None of this, however, is the same as knowing who she really is: what she thinks, feels, loves and hates, what makes her tick behind that impressively poised public persona. A slickly assembled bio-documentary from the Hulu stable, “I Am Greta” feigns to ask the question answered by its declamatory title, only to present us with all the details we already knew in response. As a summation of her remarkable achievements to date in public life, Nathan Grossman’s film is reasonably thorough, and sometimes rousing, amply showcasing Thunberg’s candid gifts as a truth-to-power speaker. Yet as a portrait of the girl behind the cause, it’s cautious and rarely illuminating, speckled with moments of domestic intimacy that nonetheless feel carefully vetted.
Grossman, a Swedish filmmaker introduced to the Thunberg family before she became a household name, benefits from the earliness of his access. His camera is there to follow her clear, compelling and remarkably swift trajectory from lone protester — skipping school to quietly demonstrate outside Swedish parliament, to the bewilderment of passersby — to the figurehead of a millions-strong global movement. That is achieved via a crammed appointments diary of speeches, meetings and conference invitations across Europe and, following a climactic and much-touted sea voyage, the United States. The film effectively adopts the structure of that exhaustive travel itinerary, criss-crossing from a UN climate conference in Poland to the EU Parliament in Brussels to an awareness-raising visit to Germany’s devastatingly razed Hambach Forest, and so on.
Along the way, we’re shown celebrity encounters with the likes of Arnold Schwarzenegger, Emmanuel Macron and former British House of Commons speaker John Bercow, all of whom nod, smile and congratulate Thunberg on her drive and principles. It’s clear these are glib publicity obligations rather than true meetings of minds, and “I Am Greta” is most interesting when its young subject calls out such formalities. “We haven’t taken to the streets for you to take selfies with us and tell us you admire what we do,” she says in one of her conference addresses, which get pithier and more pointed over the course of a year.
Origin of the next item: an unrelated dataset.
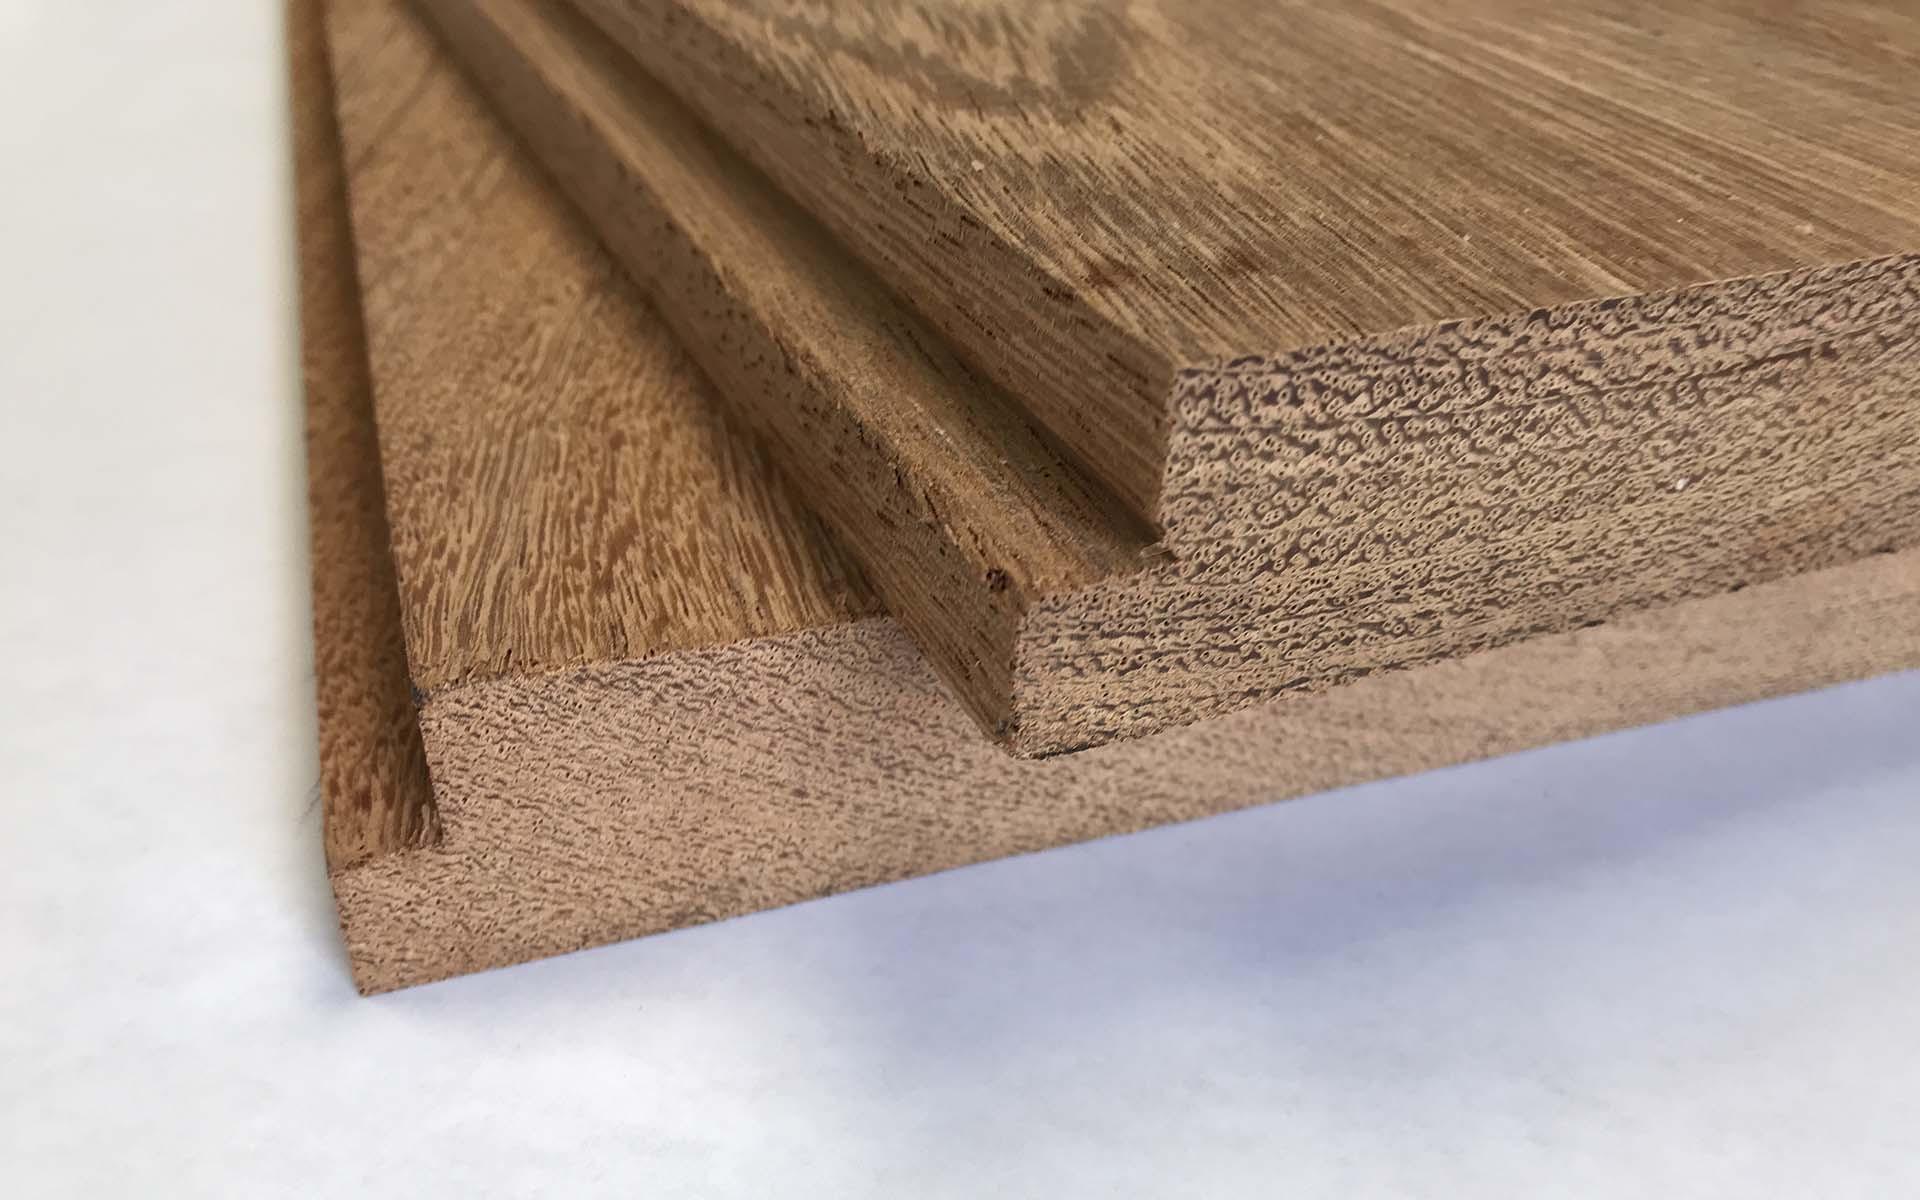 arizona hardwood floor supply of buy trailer decking apitong shiplap rough boards truck flooring regarding 3 angelim pedra shiplap close up

Thunberg speaks of her exasperation at empty gestures of allyship (“Everyone promises to shape up [but] it’s a role-playing game,” she sighs), though a cannier, more self-aware doc would consider the filmmakers’ role in all this. Is “I Am Greta” serving her message or merely sympathizing with it? In its most affecting moments, Grossman’s film shows how her personal and environmental anxieties come to a stifling head in attacks of ennui or stage fright prior to major engagements, though it’s debatable whether the camera is her friend or foe in such circumstances.
If such scenes — along with lighter off-duty ones, as when she laughs off Twitter trolls while scrolling through her phone at home — offer us flickers off the “real” Greta, the film still invites more questions about her life than it answers. Her father Svante may be shown by her side throughout her travels, but we’re given no details as to his personal history, or what enables him to devote his life full-time to his daughter’s campaign; her mother is glimpsed fleetingly, and the rest of her family not at all. We look in briefly on Thunberg’s middle-school graduation ceremony, but otherwise her school life and place in her peer community are left for us to vaguely surmise.
That’s not especially surprising: Thunberg owes her public no great personal access, and “I Am Greta” is clearly at some pains to respect and protect the mental health of its young and vulnerable heroine. But it does mean Grossman’s film runs into the same wall as Davis Guggenheim’s similarly constructed youth-activist profile “He Named Me Malala” some years ago: It’s all but impossible for a documentary to reveal a new side of its subject while keeping a tactful distance. That conundrum is unlikely to stop “I Am Greta” from being a considerable crowdpleaser as it travels the festival circuit following its Venice premiere, or when it lands Stateside on the Hulu platform from Nov. 13. But assuming her career continues to prosper in the determined direction it has taken, there are doubtless more penetrating profiles in her future.